Fianna Fáil leader Micheál Martin has predicted that water charges will be suspended for more than nine months and will never return in their current form — contradicting his party’s minority government deal with Fine Gael.
The opposition leader made the claim in his first in-depth interview since the new government was formed, and just 24 hours after the first clear cracks in the historic agreement appeared.
Speaking on RTÉ Radio’s Today with Sean O’Rourke, Mr Martin said his party was forced to focus on Irish Water during talks because it was obvious that no government would have lasted more than a few months if the issue was not addressed.
In a highly controversial claim, he said new Social Protection Minister Leo Varadkar told the talks the unpopular charges were 10 times more damaging for Fine Gael than the Fianna Fáil-inspired e-voting machines debacle.
And putting further pressure on his party’s government rival, Mr Martin added that while the deal with Fine Gael states that charges will only be suspended for nine months, the reality is this time-scale will be extended.
“The [charges] regime we’ve experienced is gone, but it depends on the Dáil, obviously a Dáil committee is to be formed. They [charges] will be suspended for nine months, and that’s likely to be extended given the configuration of the Dáil,” he said.
The Fianna Fáil leader said that despite the view and the fact there is little risk of non-payers being brought to court due to existing laws, people who have not paid their bills “should be pursued”.
He said this includes new Disabilities Minister Finian McGrath and Independent Alliance colleague John Halligan.
Asked to clarify an earlier remark that Leo Varadkar “had his own problems with water” during the talks, Mr Martin said: “As far as he [Mr Varadkar] could see, water charges was their [Fine Gael’s] e-voting machines multiplied by 10. It was an acknowledgement a potential waste of money.”
Mr Varadkar yesterday responded by saying Mr Martin was “not present for any of the talks” and all he meant was that “€500m worth of public money has been spent on putting water meters into the ground”.
However, Fianna Fáil environment spokesman Barry Cowen told reporters his leader’s views are “consistent” with the talks.
Meanwhile, despite contradicting Fine Gael’s view of the water charges suspension deal, hitting out at “false health budgets” in recent years and calling for previously rejected variable mortgage rate reforms, Mr Martin insisted he does not have “the boot on the neck” of Taoiseach Enda Kenny.

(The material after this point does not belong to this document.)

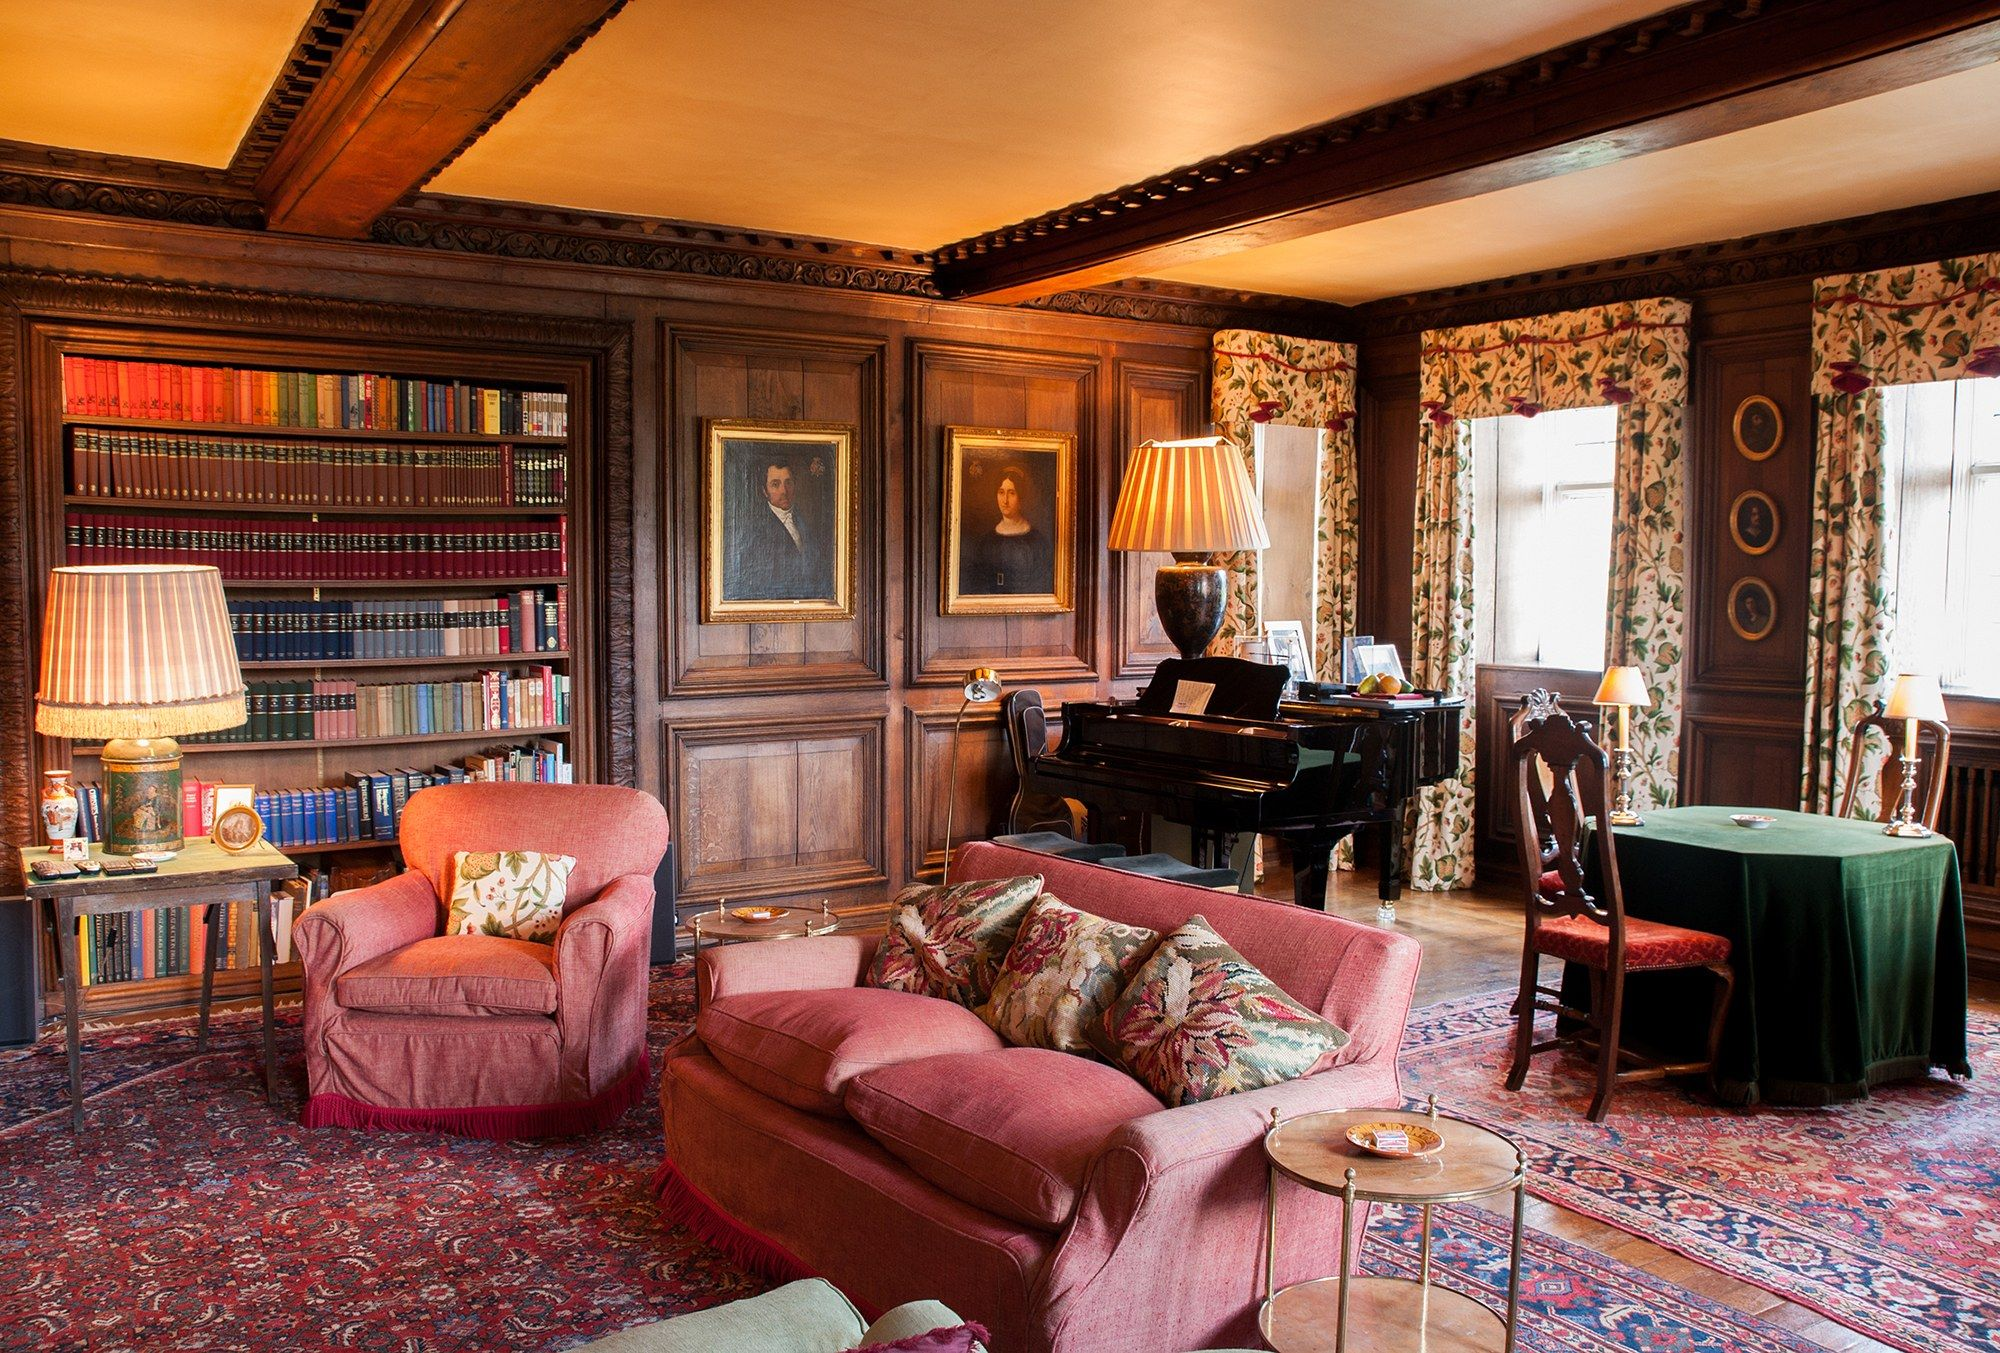 Fullsize Of Country Style Homes Inside

Mr Martin denied the that dynamics of the minority government arrangement mean he is the real taoiseach when the question was put to him, and insisted his party is not waiting to bring down the Government to benefit itself.
“It [minority government] is as treacherous for the opposition as it is for the public,” said Mr Martin. “I think people want to give this a fair wind, want to give it a chance. I’m not going into this looking to pull the plug.”